Open alexis-michaud opened 6 years ago

alexis-michaud commented 6 years ago

A comment from the linguist's point of view, assuming that some interested linguists visit the persephone project on GitHub (which I think is not at all unlikely):

Currently the intro (README.md) says "I've made the settings less computationally demanding than it would be for optimal transcription quality". That could come across as "you will get suboptimal quality". But for a linguist, the aim is to see persephone's very best. Not 'state-of-the-art with a rebate' but 'full-SOTA': that's part of the magic! 🥇 The linguists' perspective (I think) is that, in order to see what the tool can do, we want to be able to choose the highest settings, even if it's 10 times as computationally intensive to gain a couple percent in accuracy.

On the other hand, the training will likely need to be fired dozens of times with different settings, and we don't want to wait 1 week (or more) for each test.

To solve this Issue, what about providing a simple scenario such as: testing & tuning with the computationally less demanding settings, then raising the settings & firing once more (being warned that this final training with high settings may take a week or more)?

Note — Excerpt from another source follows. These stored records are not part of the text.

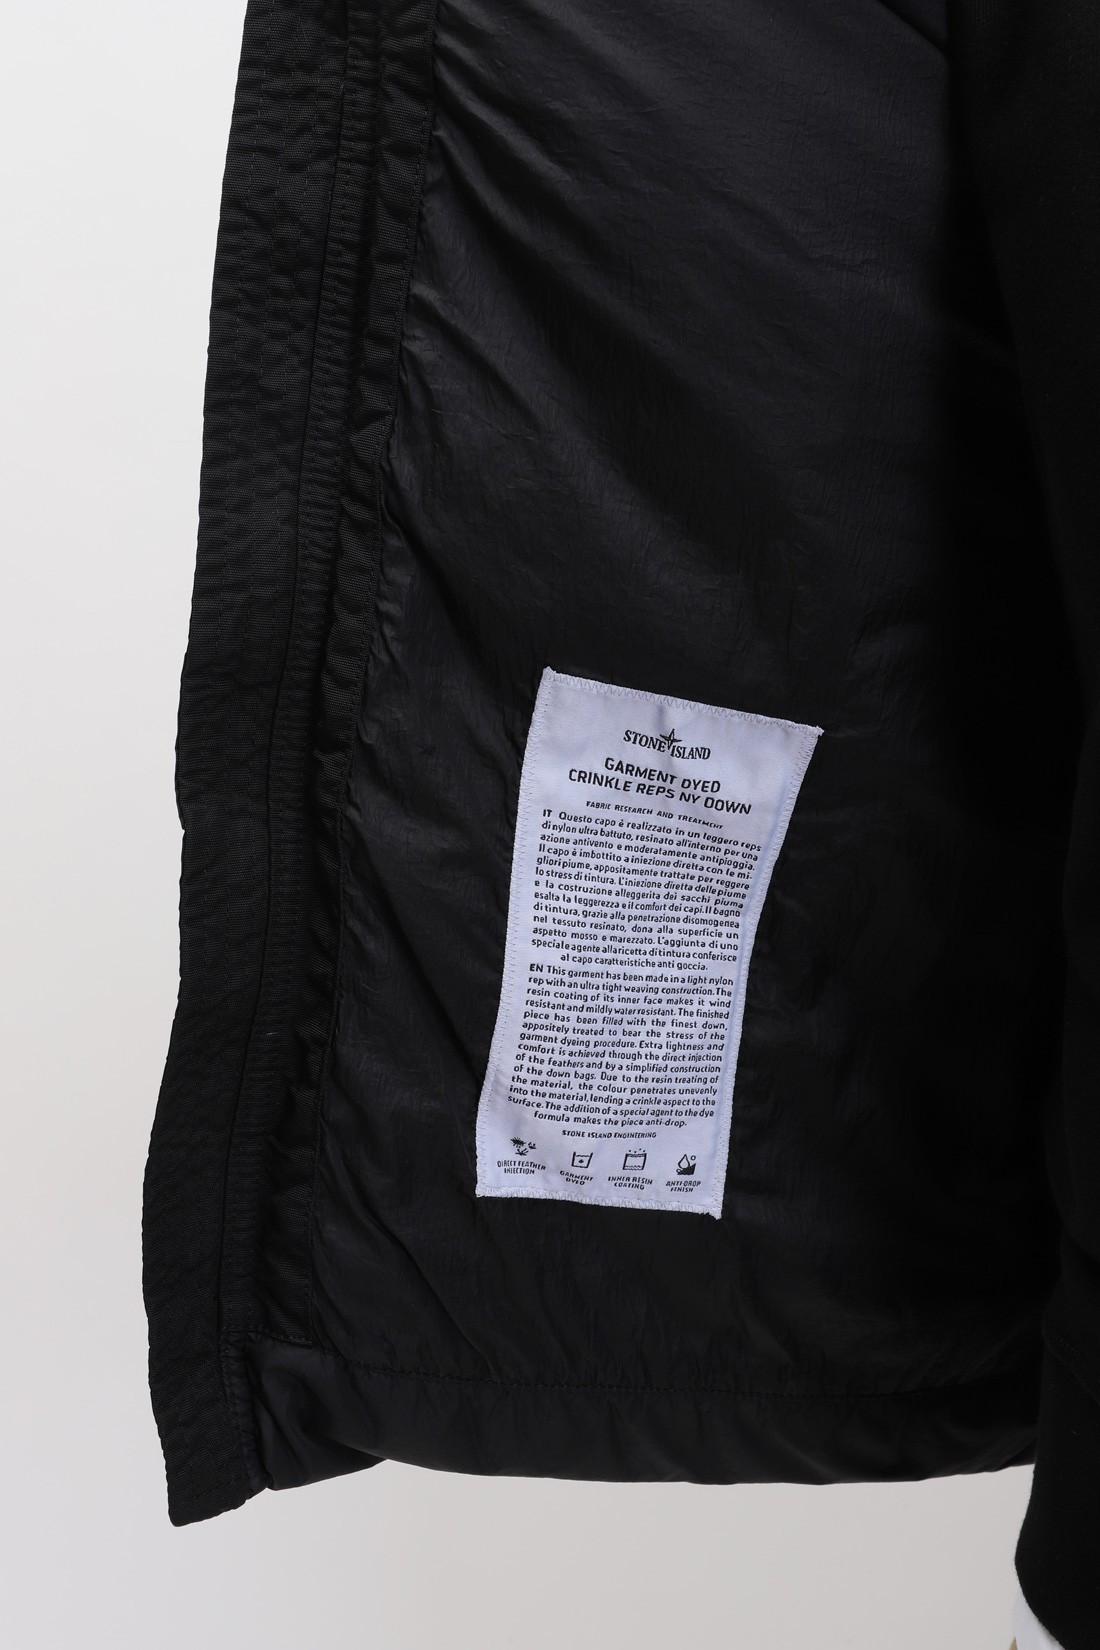 STONE ISLAND / 40123 crinkle reps sleeveless V0029 nero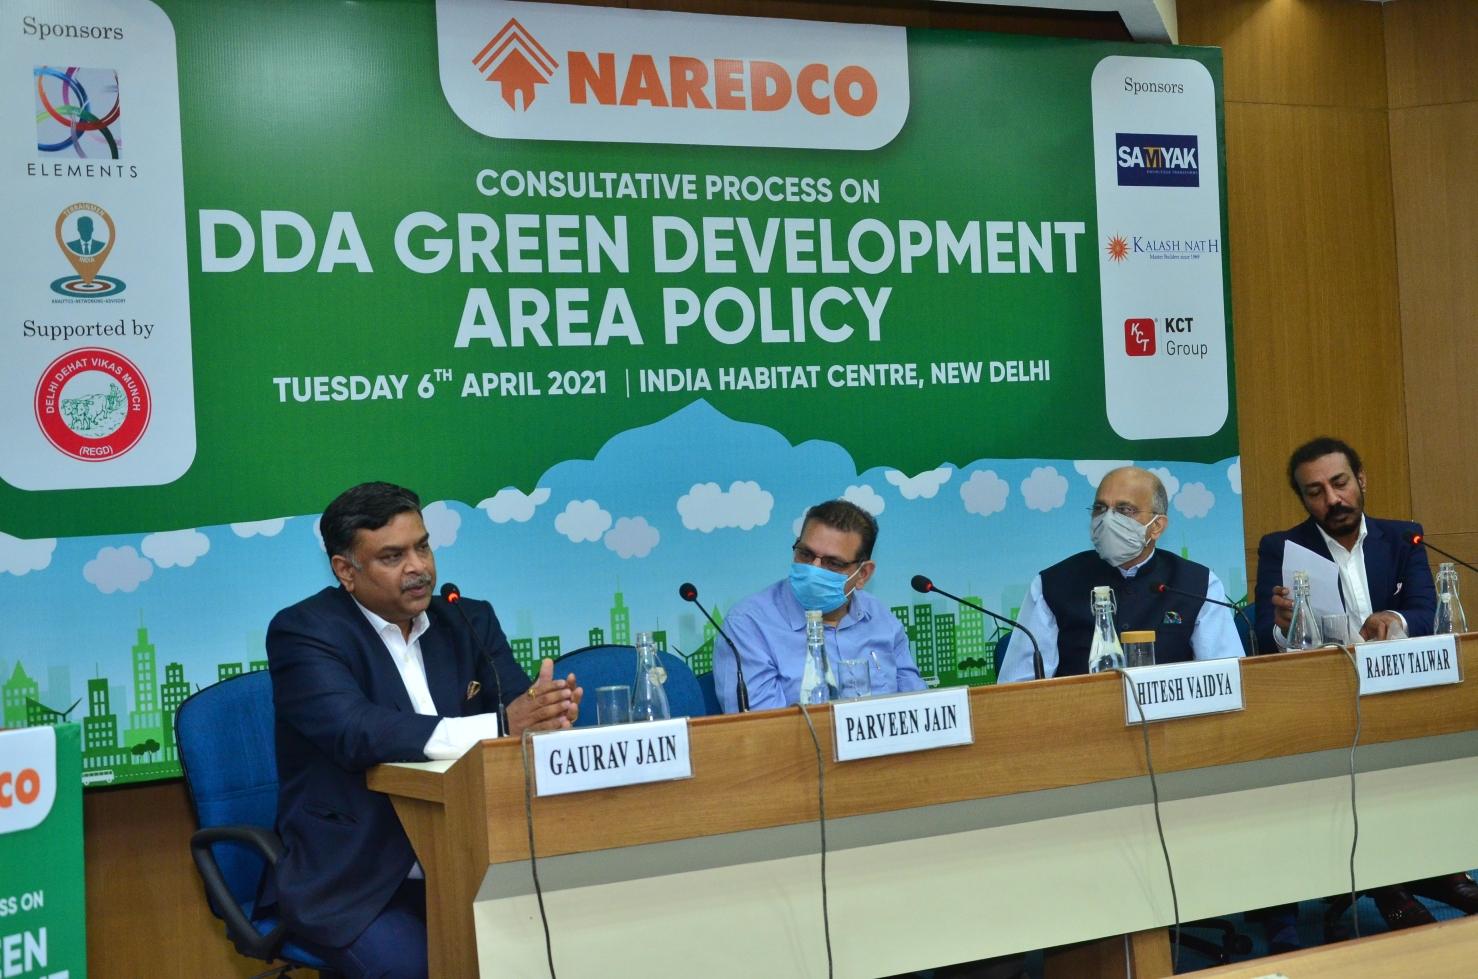 NAREDCO welcomes DDA Green Development Area Policy to boost green development and curb pollution in Delhi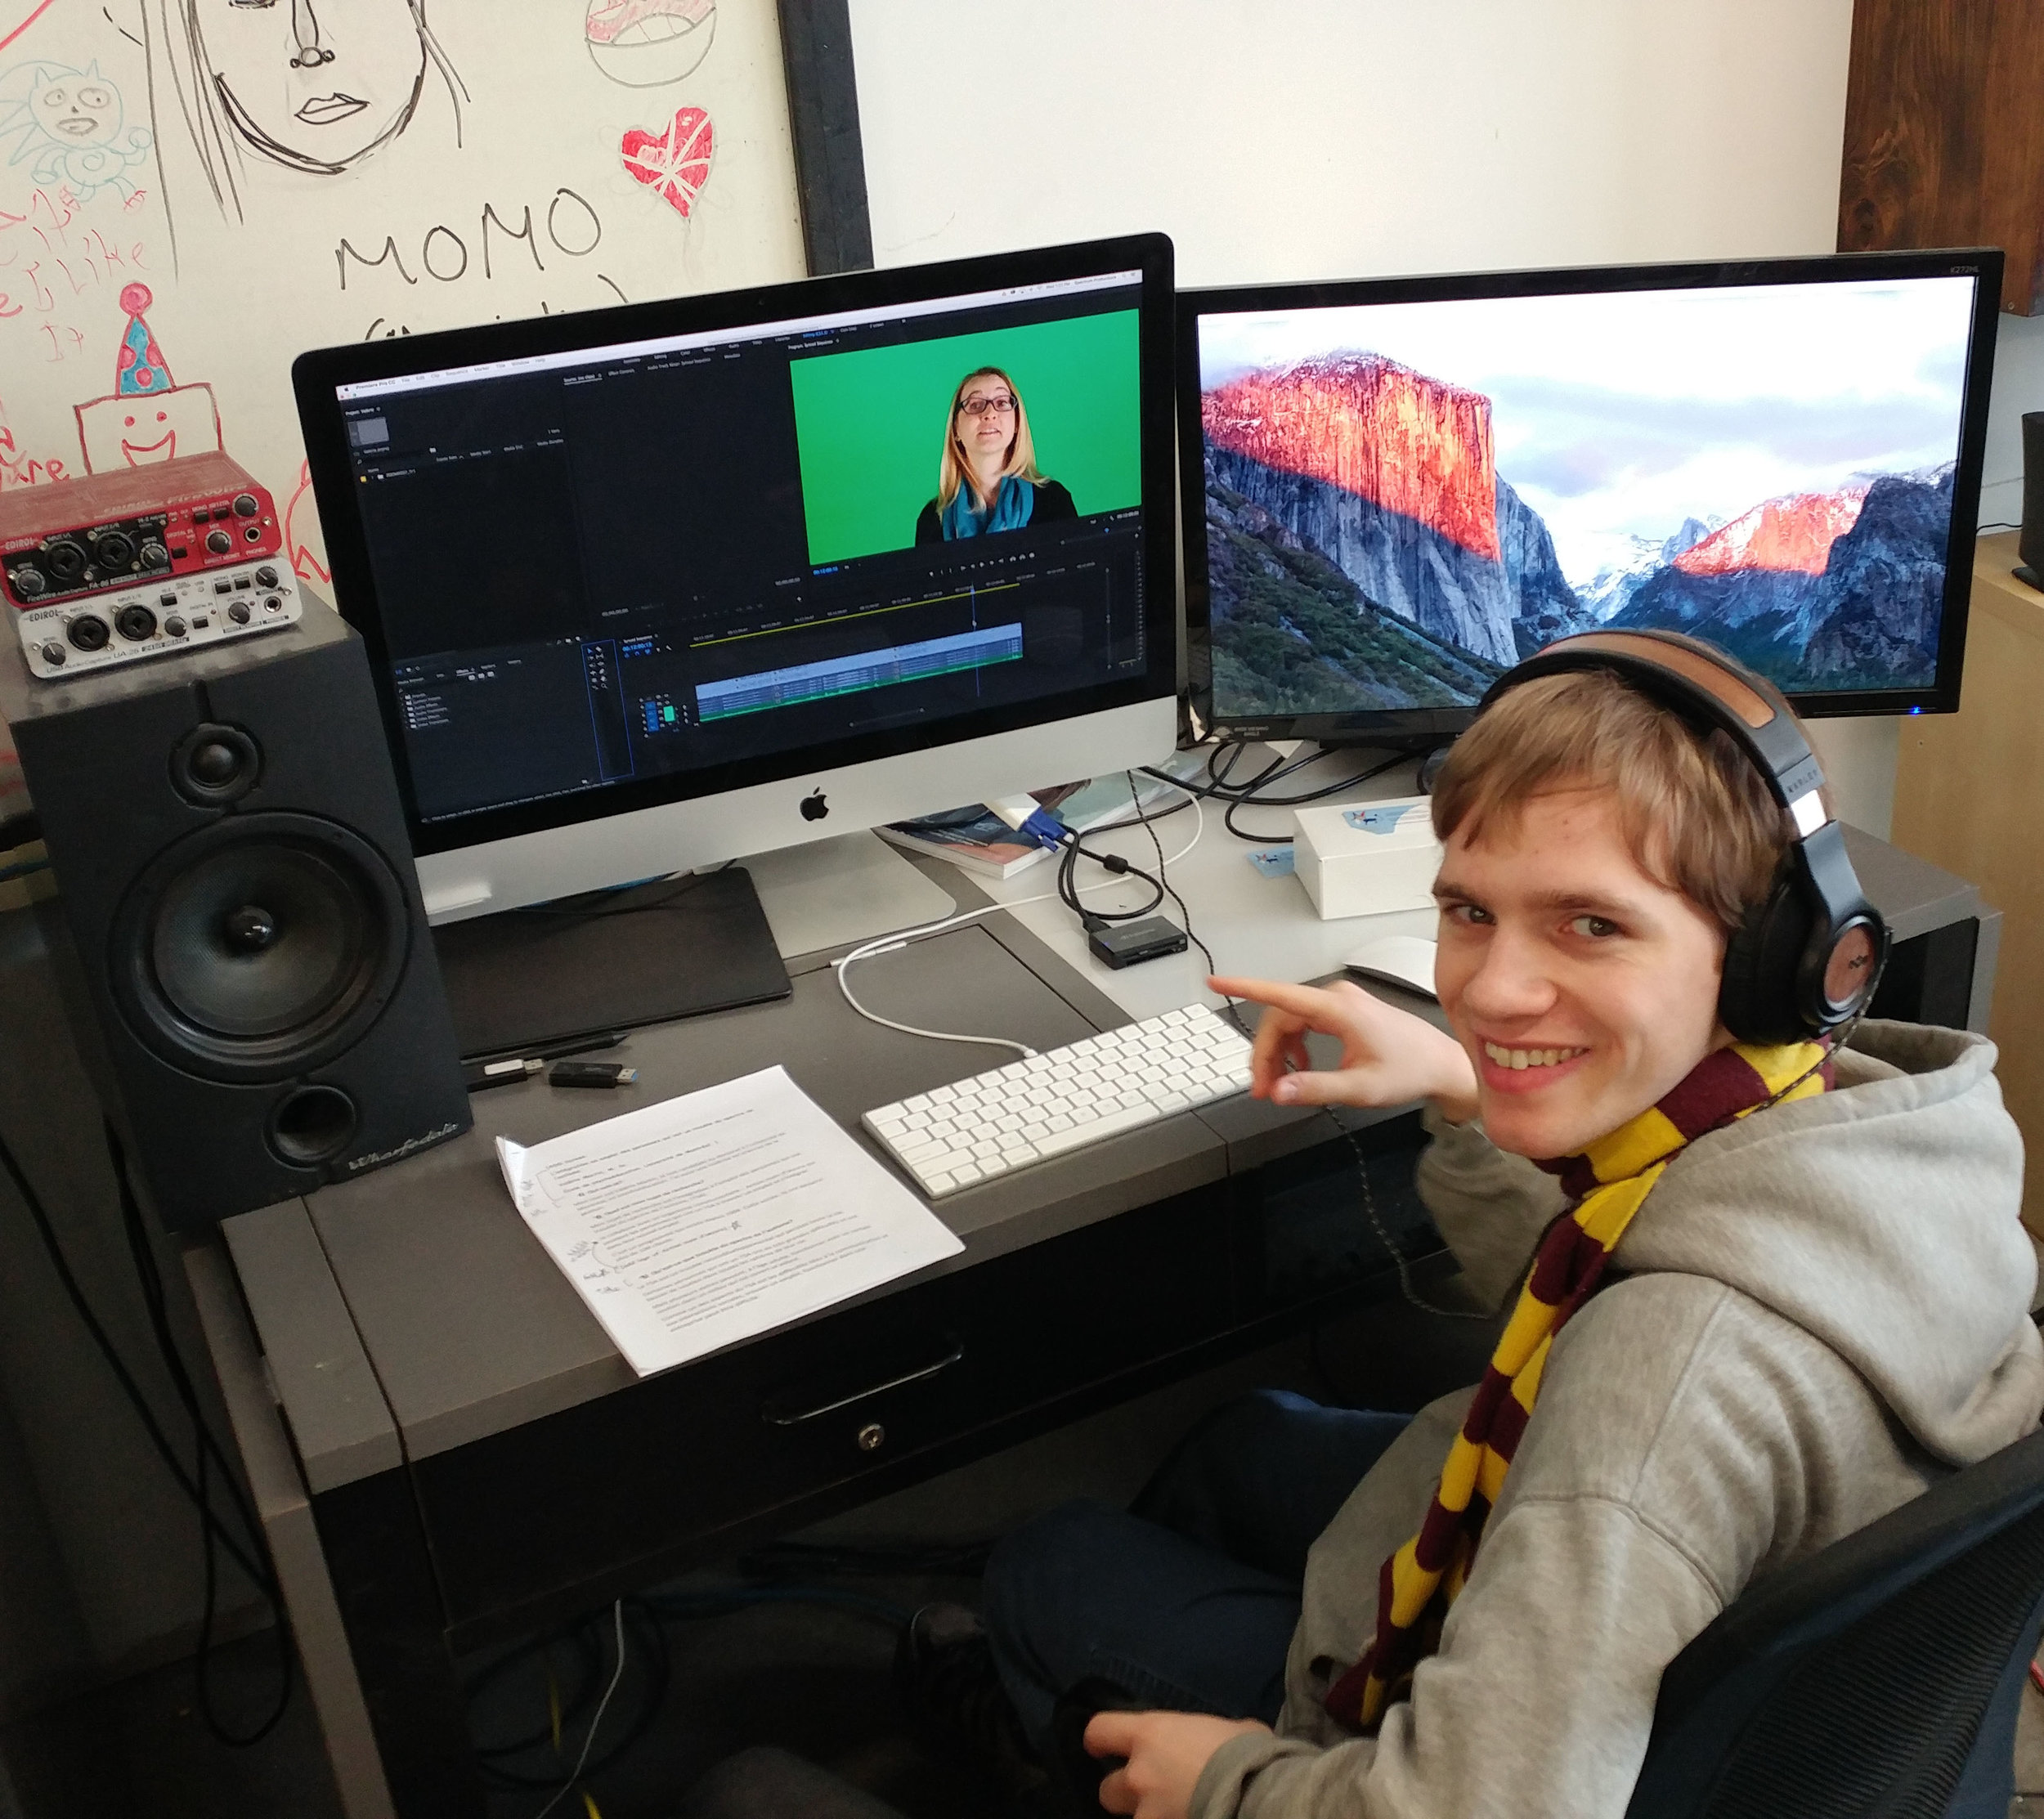 Christopher Dymond, Creative Media Lab

Would that make sense?

The suggestion amounts to: adding 1 sentence in README.md:

"I've made the settings less computationally demanding than it would be for optimal transcription quality. The settings can be raised by changing the values in \<name of settings file>"

Just an idea!

oadams commented 6 years ago

Just for the record, I completely agree. This is how it should be done and will be done.

I guess one remaining question is what the right interface is. Linguists might not want to specify the number of layers and hidden units in the neural network. Perhaps two modes will suffice, "simple" for testing installation and getting prelim results, and "full" mode. For now I can put sensible defaults there, but the best hyperparameters for the full mode are unknown and will vary according to training data quantity and quality. I guess this is where hyperparameter optimization (#26) should eventually come in. For now I can just go with sensible defaults for "simple" and "full".